Culture
TLDEF

Transgender teen wins settlement with South Carolina DMV

Chase Culpepper was forced to remove her makeup for her driver’s license photo so she would ‘look male’

A transgender teen will be allowed to return to her local DMV and take a new driver’s license photo wearing the makeup she puts on daily, after her lawyers struck a settlement with the South Carolina Department of Motor Vehicles on Wednesday. DMV employees had told her to remove her makeup to "look male” in her photo.

The Transgender Legal Defense and Education Fund, which filed a federal lawsuit against the South Carolina DMV in September 2014 for violating the teenager’s constitutional free speech rights and for sex discrimination, told Al Jazeera that the settlement was the first of its kind in the country.

“This is a terrific victory for transgender rights and for the principle that transgender people, like all Americans, deserve the freedom to be who they are and look like who they are without government restrictions and interference,” said TLDEF executive director Michael Silverman.

The plaintiff, Chase Culpepper, a transgender woman, was 16 years old when she visited the Anderson, South Carolina DMV in March 2014. She regularly wore makeup and dresses, though at the time, she considered herself to be gender-nonconforming and still used male pronouns. She now identifies as transgender.

When Culpepper applied for her first driver’s license and passed the tests, the DMV employees refused to take her photograph, telling her she had to “go home” and “take off the makeup,” according to court documents (PDF).

Within earshot of the busy DMV lobby, a supervisor said that the teen needed to appear in the driver’s license photograph the same way she would if she were pulled over by a police officer, the court documents say. Culpepper’s mother, Teresa, explained that since her child wore makeup every day, she would be wearing it when stopped by police. Teresa also asked the DMV supervisor whether other female applicants had to remove their makeup or if applicants wearing hair extensions or toupees had to take them off for their driver’s license photos.

But the supervisor didn’t answer the questions, insisting that since Culpepper’s license specified her sex as male, “he needed to look male in his driver’s license photograph,” according to court papers.

The lawsuit alleges that when Culpepper went to the DMV restroom to try to wash off the makeup, the supervisor “loudly” told her that she “had not removed enough makeup.” Culpepper said she was “publicly humiliated.”

Culpepper returned to the restroom to try to wash off more of the makeup and was then allowed to take the photo. During the entire interaction between Culpepper, her mother and the supervisor, which took between 45 minutes and an hour, “members of the public in the Anderson DMV lobby laughed and snickered at” the teenager, according to court documents.

The South Carolina DMV reached a settlement with TLDEF and the Culpeppers, allowing Chase Culpepper to return and take a new driver’s license photo while wearing her makeup. The state’s DMV also now explicitly allows applicants to look the way they appear regularly, even if they do not conform to gender norms considered “typical” by the DMV. The DMV will also train its employees on how to properly handle transgender and gender nonconforming applicants.

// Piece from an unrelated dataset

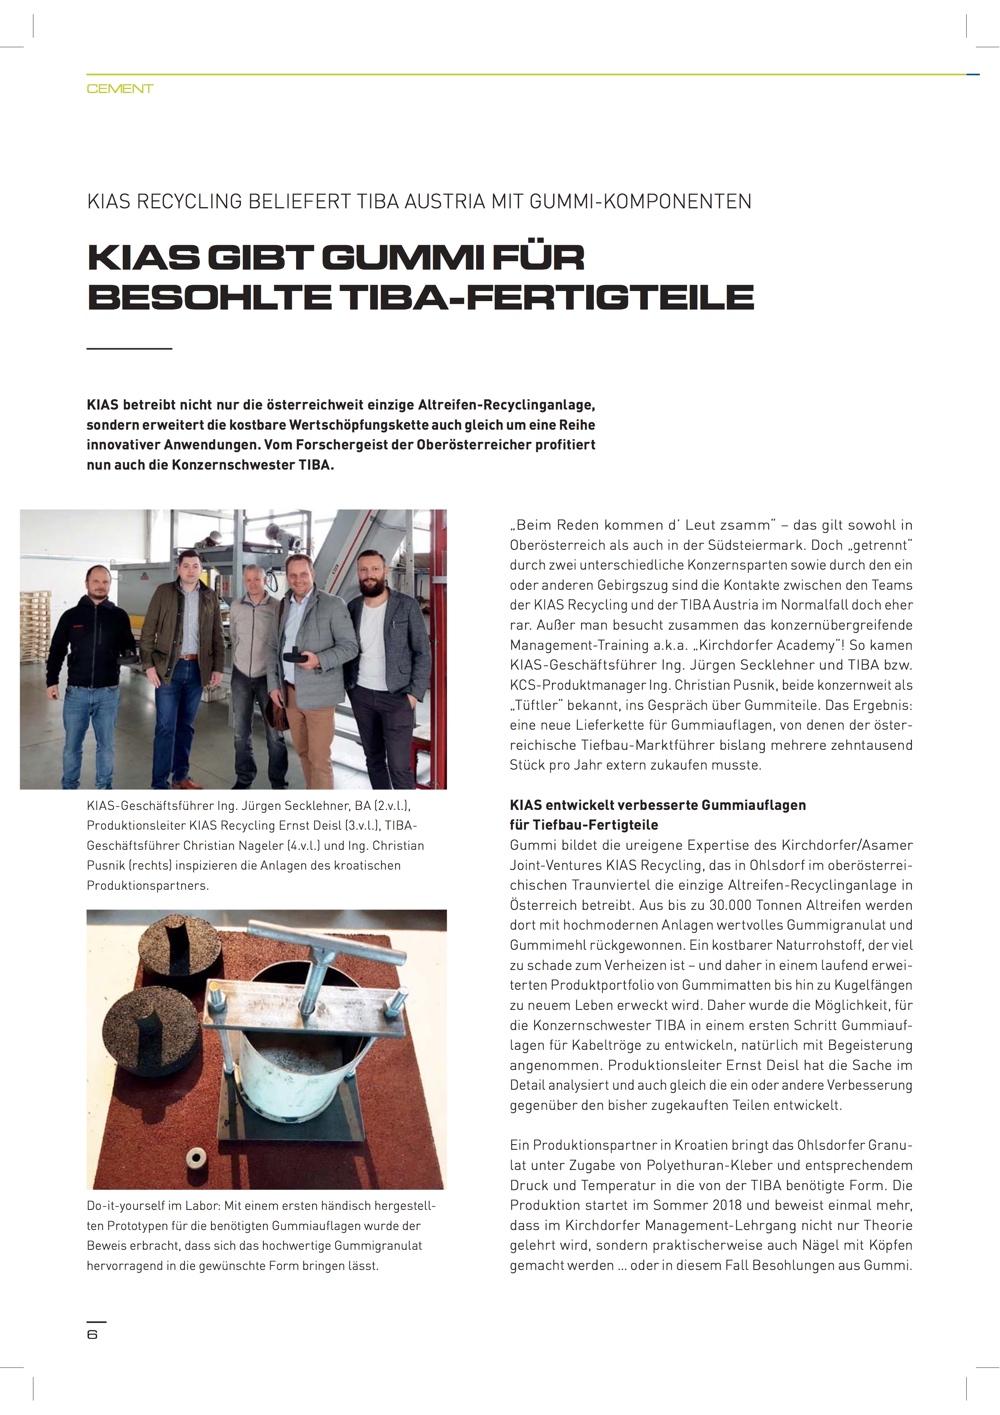 KIAS gibt Gummi für besohlte TIBA-Fertigteile - KIAS Recycling GmbH

“I am thrilled with the outcome of my lawsuit,” Culpepper said Wednesday in a statement. “My clothing and makeup reflect who I am. From day one, all I wanted was to get a driver’s license that looks like me. Now I will be able to do that. It was hurtful to be singled out for being transgender and made to feel that somehow I wasn’t good enough. With this settlement, the DMV can no longer force transgender people to look like someone they’re not.”

TLDEF told Al Jazeera that Culpepper’s wasn’t the first complaint it had received regarding transgender driver’s license applicants being asked to conform to traditional gender norms by the DMV, though it was the first resulting in a lawsuit and settlement. Three transgender women at three separate DMVs in West Virginia have also run into this problem, Silverman said.

“Many DMVs, through explicit regulations or unwritten policies, impose restrictions upon transgender people,” he said, adding that these policies violate free speech laws and constitute illegal sex discrimination. “That said, there are many unchallenged laws and regulations and practices that exist, and until someone like Chase stands up to say, ‘I don’t deserve to be treated that way,’ they go untested or unchallenged.”